The aforementioned tests unequivocally show that the rocks in question originated on Mars. While there is a vanishingly small chance that they were deposited on Mercury’s surface by natural processes, the overwhelming likelihood is that they were transported to Mercury by human hands. The discovery of biomarkers in these samples by V. Molina is not, therefore, indicative of biological activity on the planet Mercury.
Victor is wiped out, Alexios said to himself, with satisfaction. McFergusen won’t come right out and say it, but the implication is crystal clear: either Victor planted those rocks here himself, or he fell dupe to some prankster who did it. Either way, Victor’s reputation as a scientist is permanently demolished.
Laughing out loud, Alexios thought, Now it’s your turn, Danvers.

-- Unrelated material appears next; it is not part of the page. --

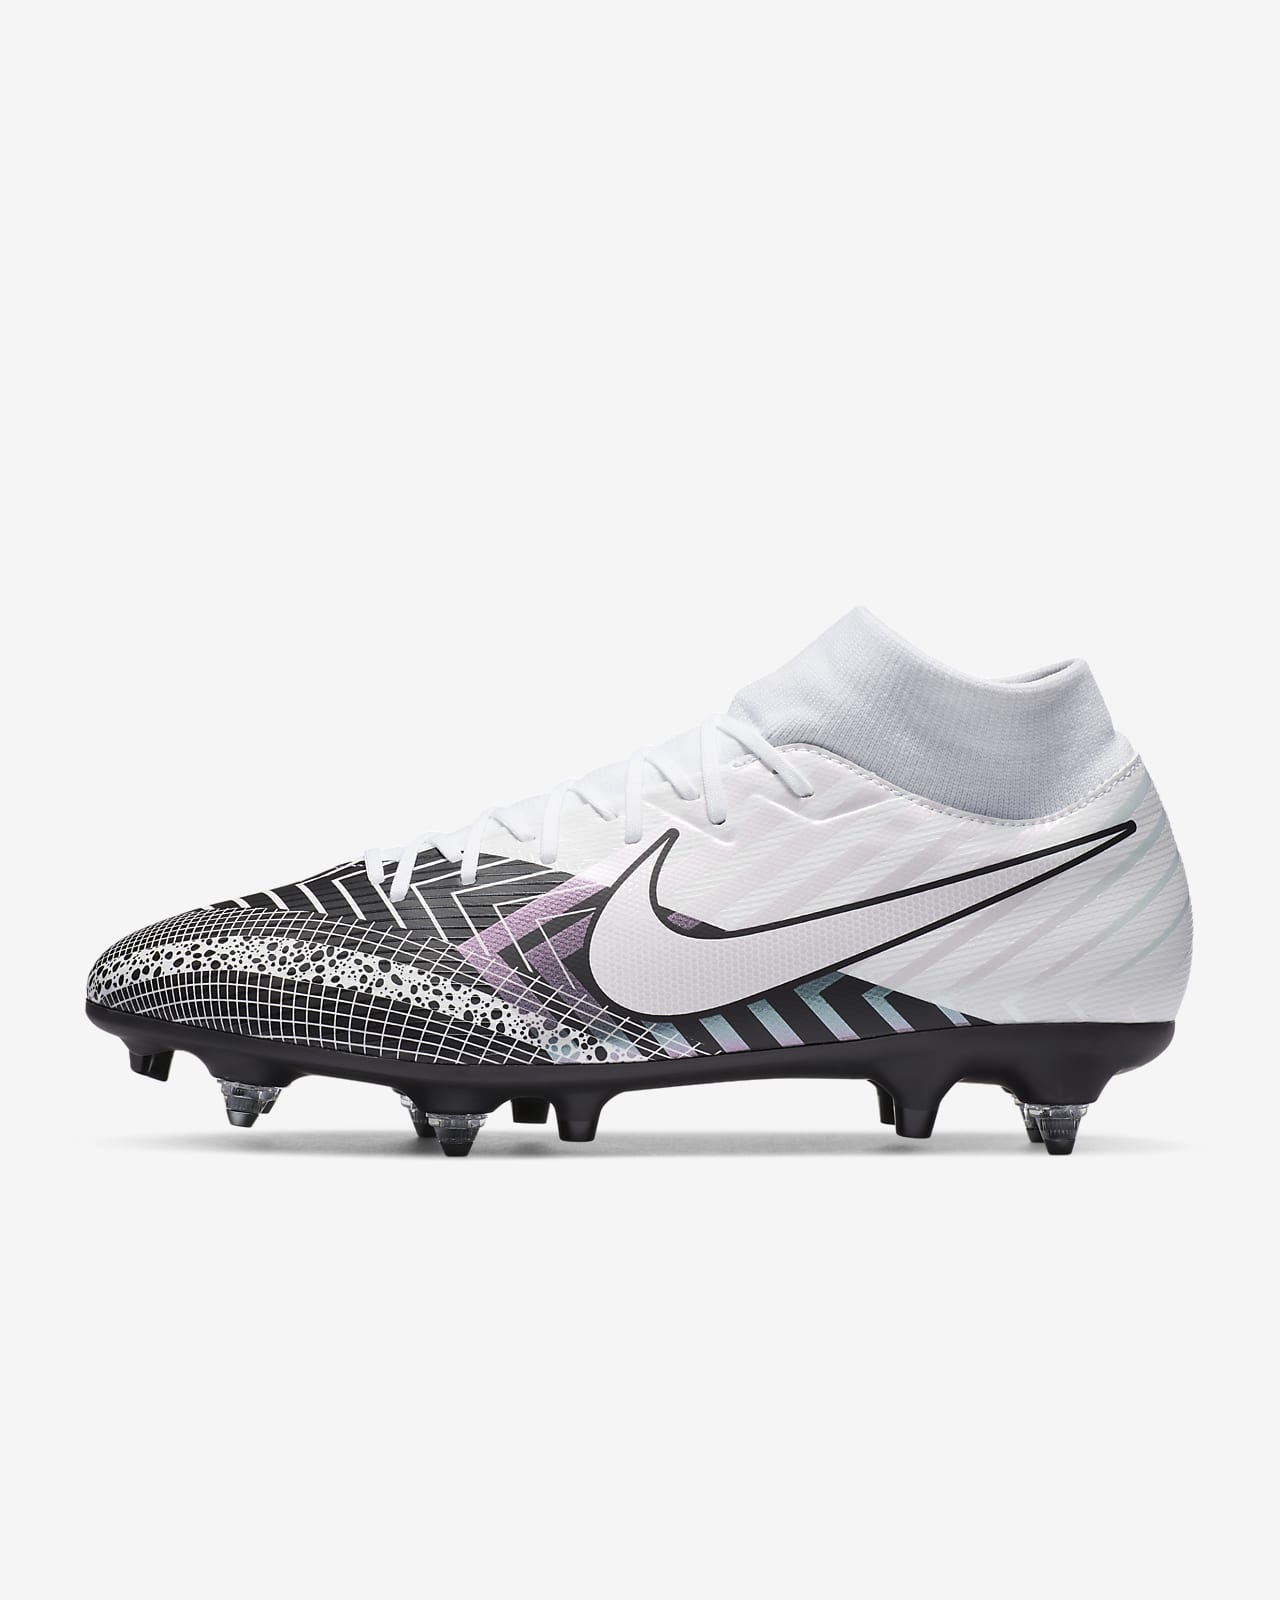 Nike Mercurial Superfly 7 Academy MDS SG-PRO Anti-clog Traction-fodboldstøvle (vådt græs)

He put in a call to Molina, to start the process of destroying Bishop Elliott Danvers.
As he strode down the central corridor of the orbiting
Himawari,
heading toward Molina’s quarters, Alexios began to feel nervous. Lara will be there, he knew. She lives with him. Sleeps with him. They have an eight-year-old son. He worried that sooner or later she would see through his nanotherapy and recognize Mance Bracknell. Then he realized that even if she did it wouldn’t change anything.
Still, he hesitated once he arrived at the door to their stateroom, his fist in midair poised to knock. What will I do if she does recognize me? he asked himself. What will you do if she doesn’t? replied the scornful voice in his head.
He took a breath, then knocked. Lara opened the door immediately, as if she had been standing behind it waiting anxiously for him.
He had to swallow before he could say, “Hello, Mrs. Molina.”
“Mr. Alexios.” Her voice was hushed, apprehensive. “Won’t you come in?”
Feeling every fiber of his body quivering nervously, Alexios stepped into their compartment. Victor was sitting on the two-place sofa set against the far bulkhead, his head in his hands. The bed was neatly made up; everything in the stateroom seemed in fastidious order. Except for Molina: he looked a wreck, hair mussed, face ashen, a two-day stubble on his jaw, dark rings under his eyes.
Alexios relaxed somewhat. This isn’t going to be difficult at all. He’s ready to clutch at any straw I can offer.
Lara asked, “Can I get you something, Mr. Alexios?”
“Dante,” he said. “Please call me Dante.”
With a nod, she said, “Very well, Dante. A drink, maybe?”
His memory flashed a picture of all the times he and Lara had drunk together. She’d been partial to margaritas in the old days; Mance Bracknell had a taste for wine.
“Just some water, please,” he said.
“Fruit juice?” she suggested.
He almost shuddered with the recollection of the nanomachine-laden juice he had drunk in Koga’s clinic. “Water will be fine, thank you.”
Lara went to the kitchenette built behind a short bar next to the sofa. Alexios pulled up one of the plush chairs and sat across the coffee table from Molina.
“As I said on the phone, Dr. Molina, I’m here to help you in any way I can.”
Molina shook his head. “There isn’t anything you can do,” he said in a hoarse whisper.
“Someone set you up for this,” Alexios said gently. “If we can find out who did it, that would show everyone that you’re not at fault.”
Lara placed a tray of glasses on the coffee table and sat next to her husband. “That’s what I’ve been telling him. We can’t just take this lying down. We’ve got to find out who’s responsible for this.”
“What can you do?” Molina asked morosely.
Alexios tilted his head slightly, as if thinking about the problem. “Well… you said you received an anonymous call about the rocks.”
“Yes. Somebody left a message for me at my office on campus. No name. No return address.”
“And on the strength of that one call you came out here to Mercury?”
Anger flared in Molina’s eyes. “Don’t you start, too! Yes, I came here on the strength of that one call. It sounded too good to be ignored.”